------ Data section ------

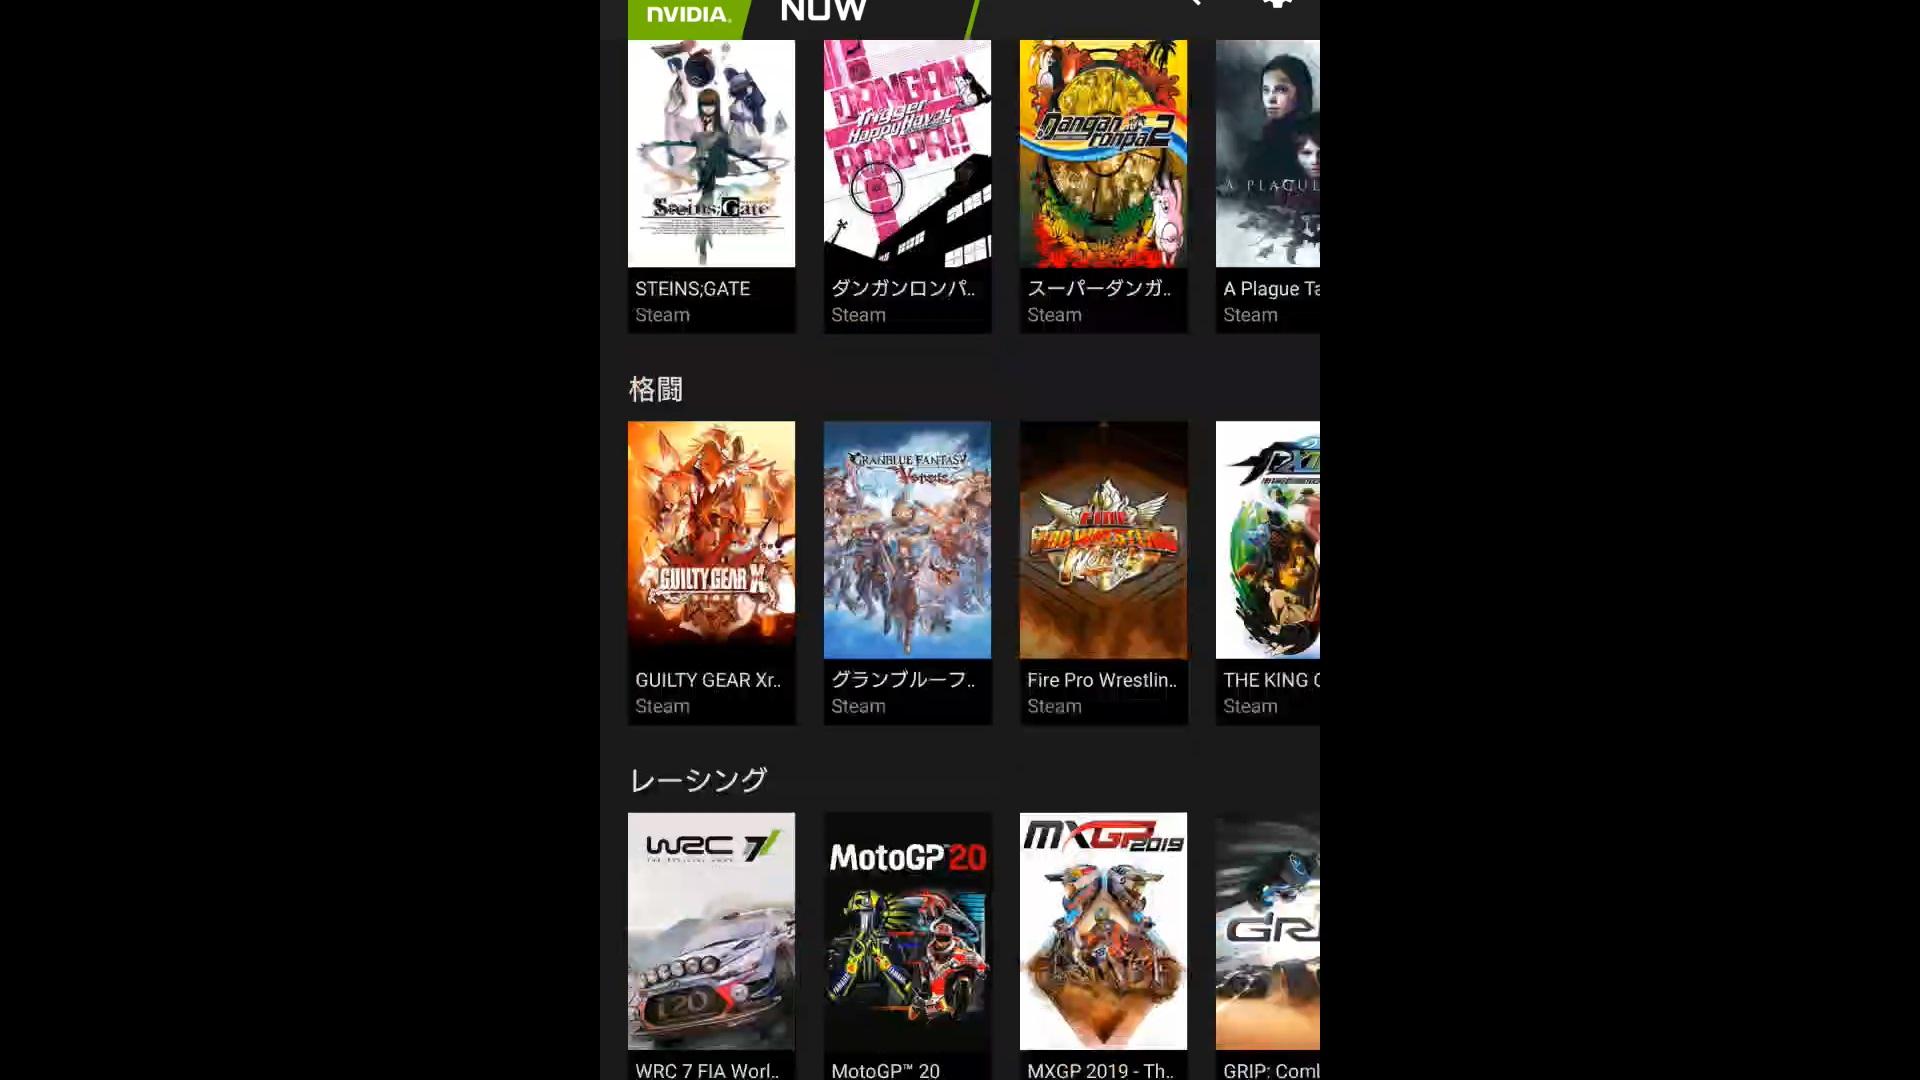 GeForce Nowにログインするとゲームの選択画面が現れます。 steamやEpic game、UPLAYで購入したゲームのみプレイ可能です。
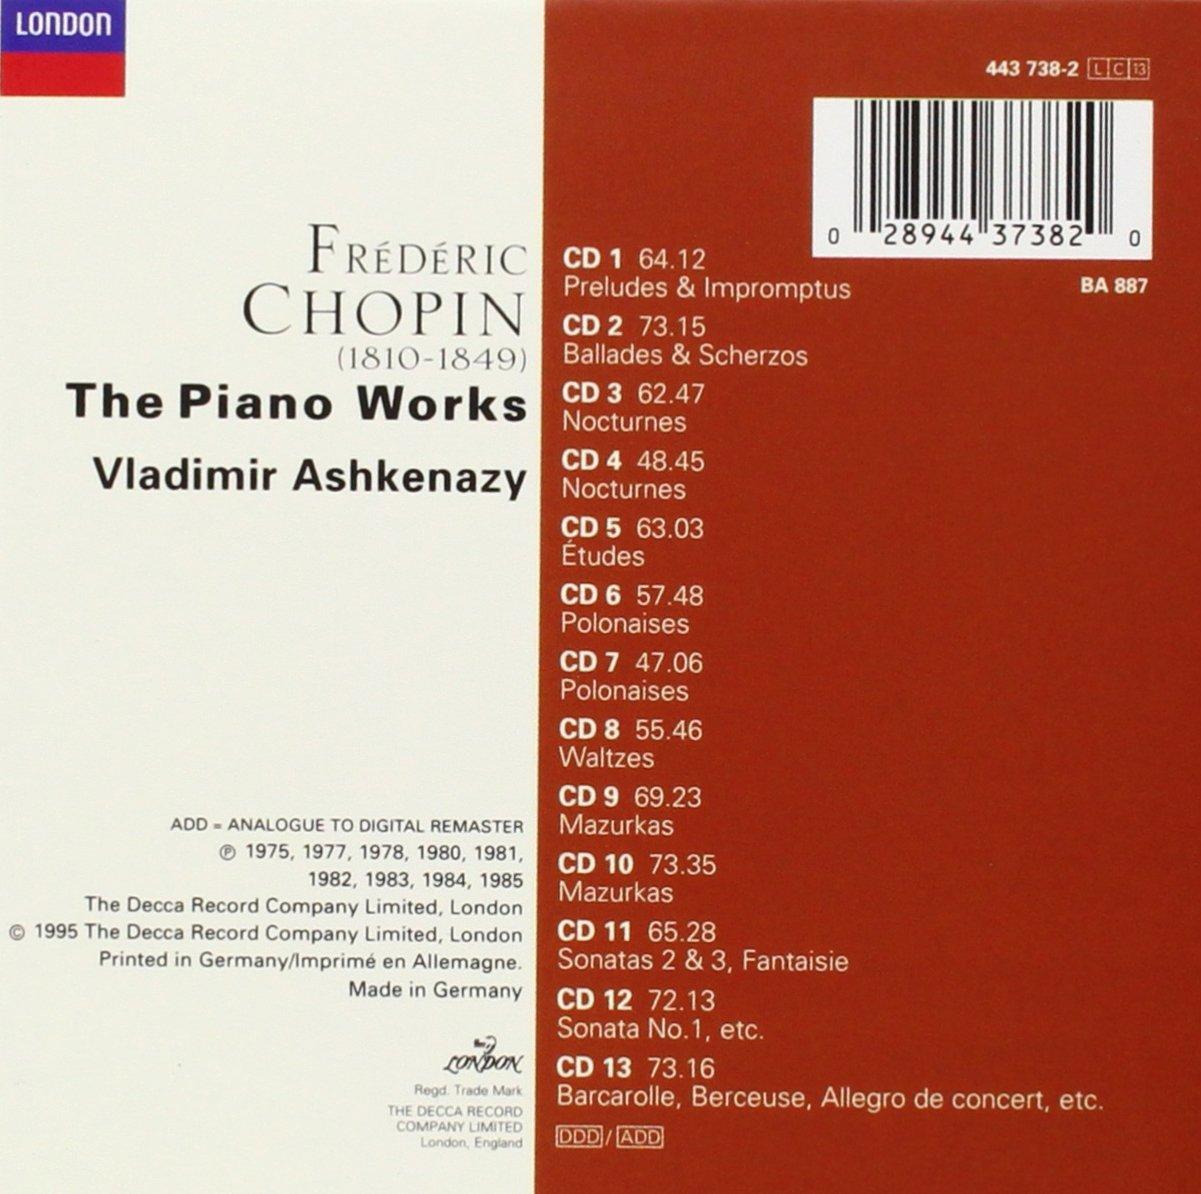 Frederic Chopin Vladimir Ashkenazy Chopin The Piano Works
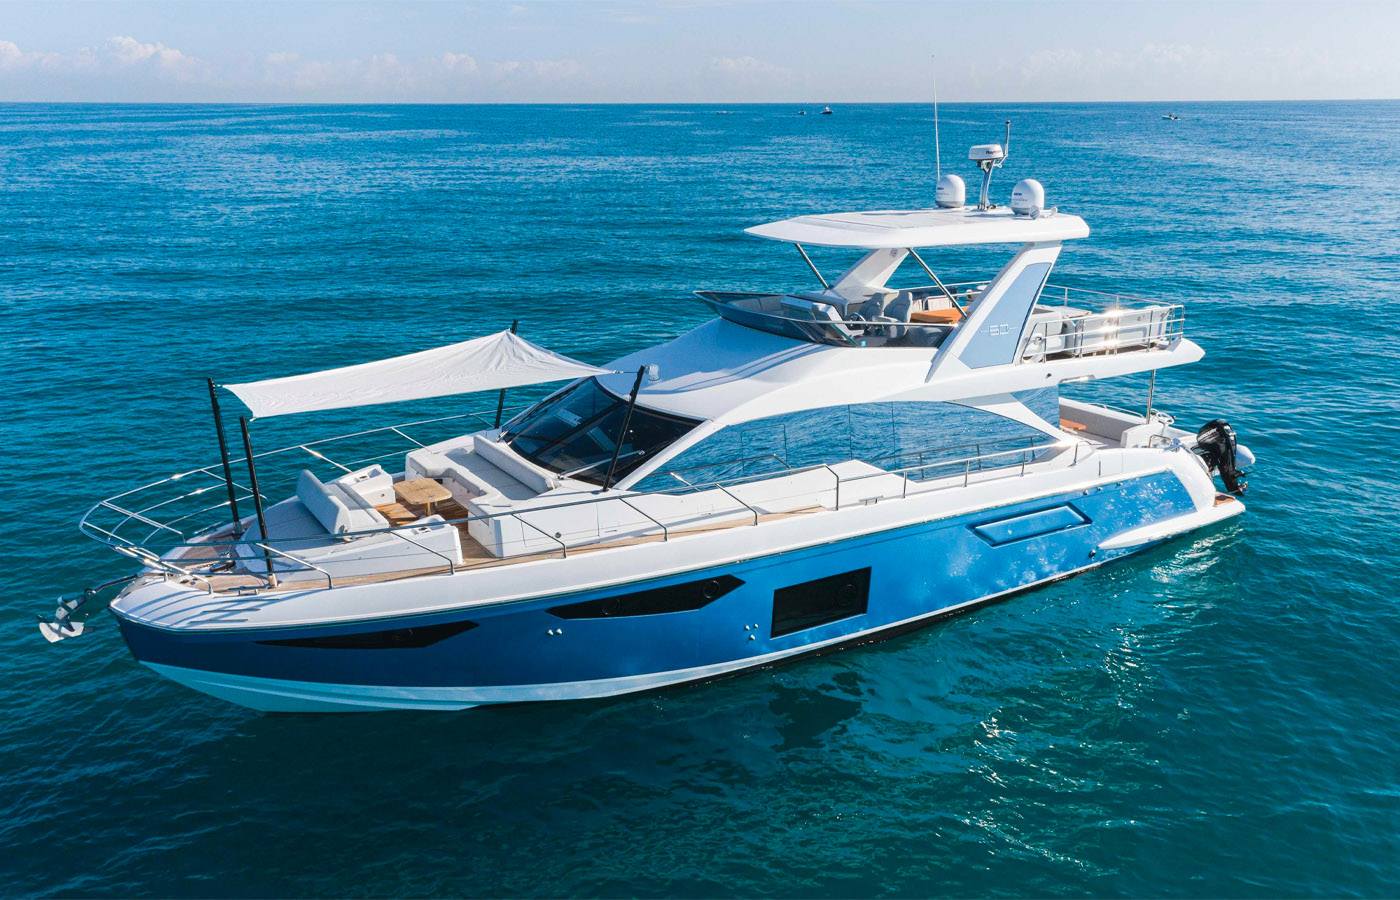 Azimut 60 Motor Yacht Highlight [Boat Review]
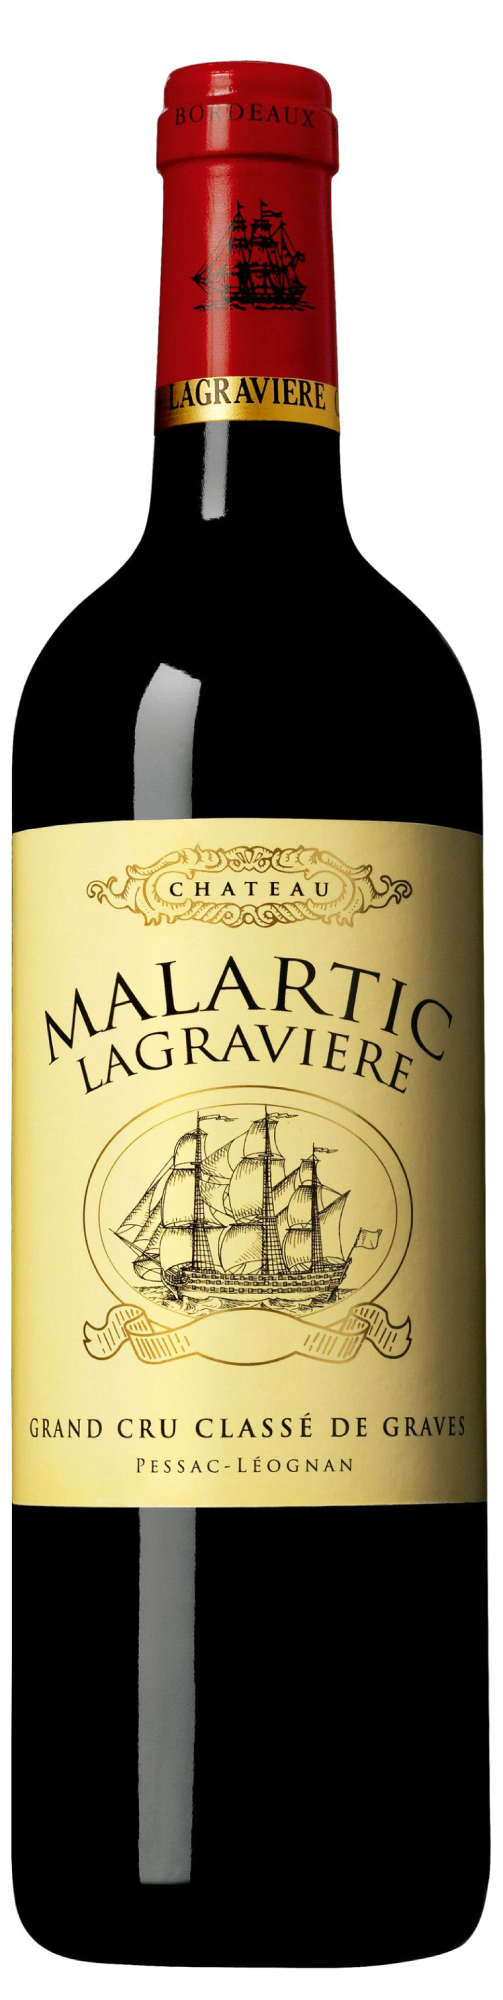 Chateau Malartic Lagraviere Rouge - winewine магазин склад

------

→ **Task description**: Write out exactly the lines from the line that contains "Azimut 60 Motor" to the last line of the material above, both included; pictures do not belong in the copy.

→ **Solution to the exercise**:
 Azimut 60 Motor Yacht Highlight [Boat Review]
 Chateau Malartic Lagraviere Rouge - winewine магазин склад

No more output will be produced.